Item 3.  Past Contacts, Transactions, Negotiations and Agreements.

     Item 3 of the Schedule 14D-9 is hereby amended and supplemented by adding
the following paragraph after the last paragraph in Item 3:

          "Career Holdings Credit Agreement

          On September 18, 2001, Headhunter and Career Holdings entered into a
          loan and security agreement whereby Career Holdings extended a $15.0
          million term loan to Headhunter to enable Headhunter to refinance
          certain of its indebtedness. For a discussion of the purpose of the
          loan and security agreement and a brief summary of its material terms
          please see Item 7 of this Statement, as amended. Item 7 of this
          Statement, as amended, is incorporated herein by reference."
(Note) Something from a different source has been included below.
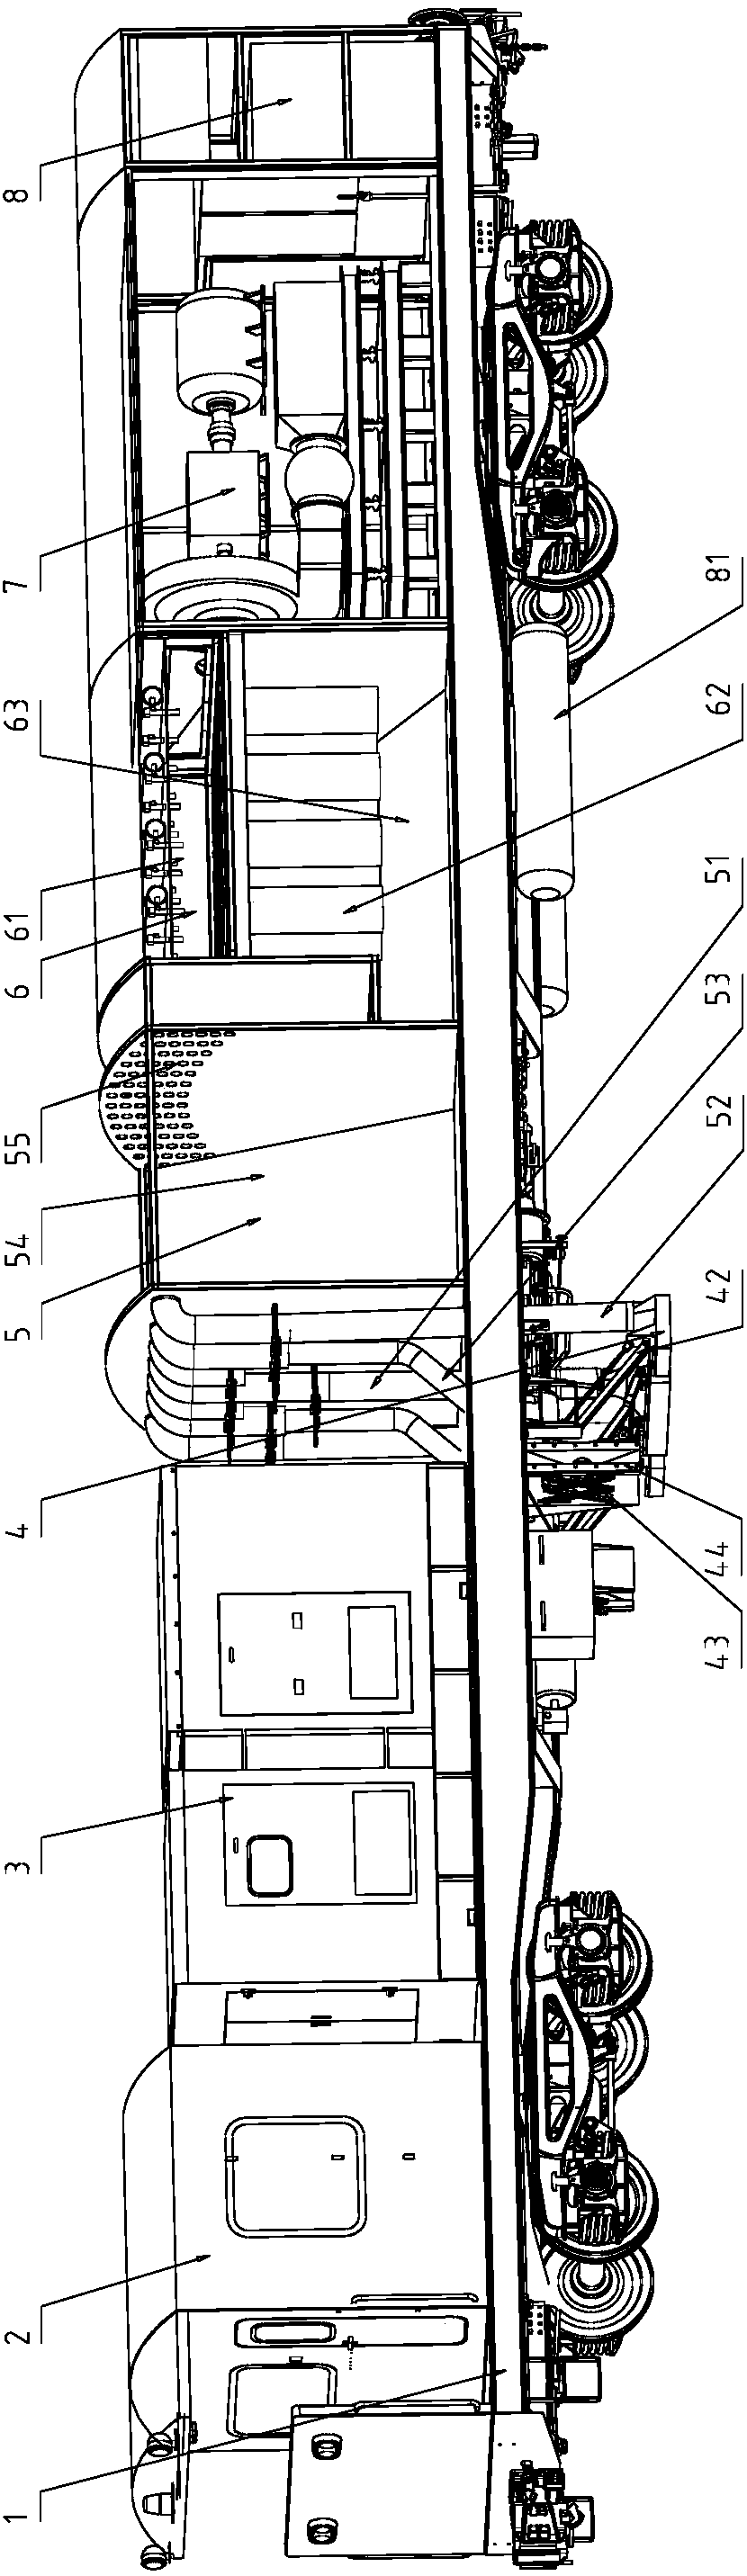 Suction-type track cleaning vehicle, method and application
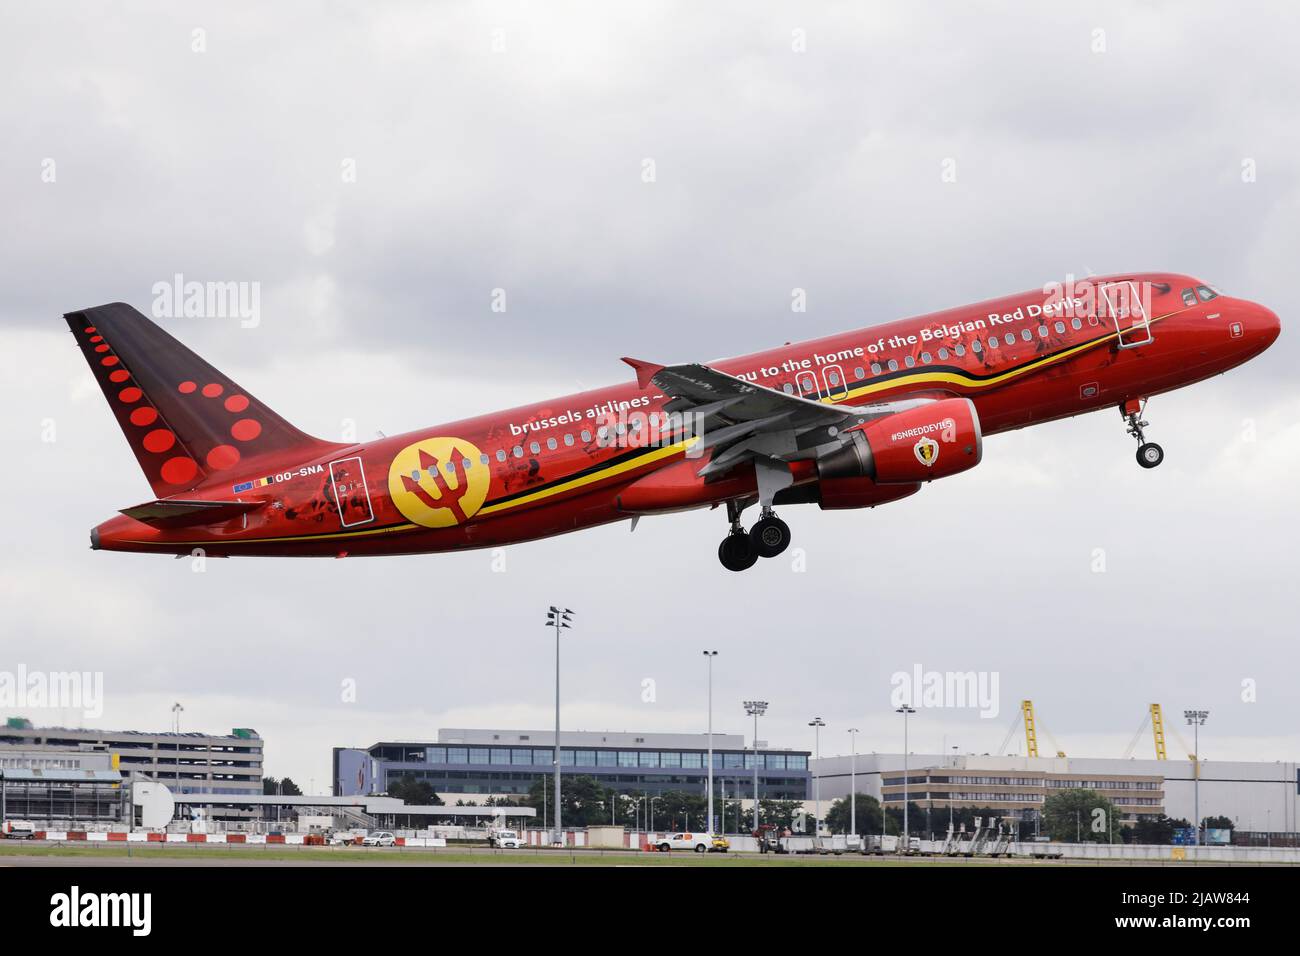 Illustration shows the special plane of Brussels Airlines called 'the Trident' with Belgian flag colours and pictures of players, at the take off at the departure of the Belgian national soccer team Red Devils, Wednesday 13 June 2018, in Zaventem airport. The Red Devils flight to Moscow today for the FIFA World Cup 2018. BELGA PHOTO THIERRY ROGE Stock Photo

Item 7.  Purposes of the Transaction and Plans or Proposals.

     Item 7 of the Schedule 14D-9 is hereby amended and supplemented by adding
the following paragraph after the fifth paragraph in Item 7:

          "On September 18, 2001, Headhunter entered into a loan and security
          agreement with Career Holdings (the "Career Holdings Credit
          Agreement") pursuant to which Career Holdings has extended a $15.0
          million term loan to Headhunter, the proceeds of which were used to
          refinance all outstanding indebtedness of Headhunter under the Omnicom
          Credit Agreement and the Wachovia Credit Agreement. All unpaid amounts
          of principal and interest under both the Omnicom Credit Agreement and
          the Wachovia Credit Agreement were paid in full on September 18, 2001.
          The outstanding principal amount and interest of the term loan under
          the Career Holdings Credit Agreement shall be payable as follows: (i)
          interest is due and payable monthly, (ii) $5.0 million shall be due
          and payable on November 12, 2002, and (iii) all remaining outstanding
          principal and accrued but unpaid interest shall be due and payable on
          June 30, 2003. In addition, all amounts outstanding under the Career
          Holdings Credit Agreement will become immediatley due and payable if
          the Merger Agreement is terminated due to (i) certain willful breaches
          of the Merger Agreement by Headhunter or (ii) Headhunter's acceptance
          of a competing tender offer or entrance into another acquisition
          transaction with a third party, under certain circumstances. The
          interest rate is based on the prime rate publicly designated from time
          to time by The Wall Street Journal plus 200 basis points. As of the
          date of the Career Holdings Credit Agreement, such prime rate was
          6.50%. As of the filing of this Amendment No. 2 to Schedule 14D-9,
          there was $15.0 million outstanding under the Career Holdings Credit
          Agreement. The foregoing summary is qualified in its entirety by
          reference to the Career Holdings Credit Agreement, a copy of which is
          filed as Exhibit (e)(17) hereto and is incorporated herein by
          reference."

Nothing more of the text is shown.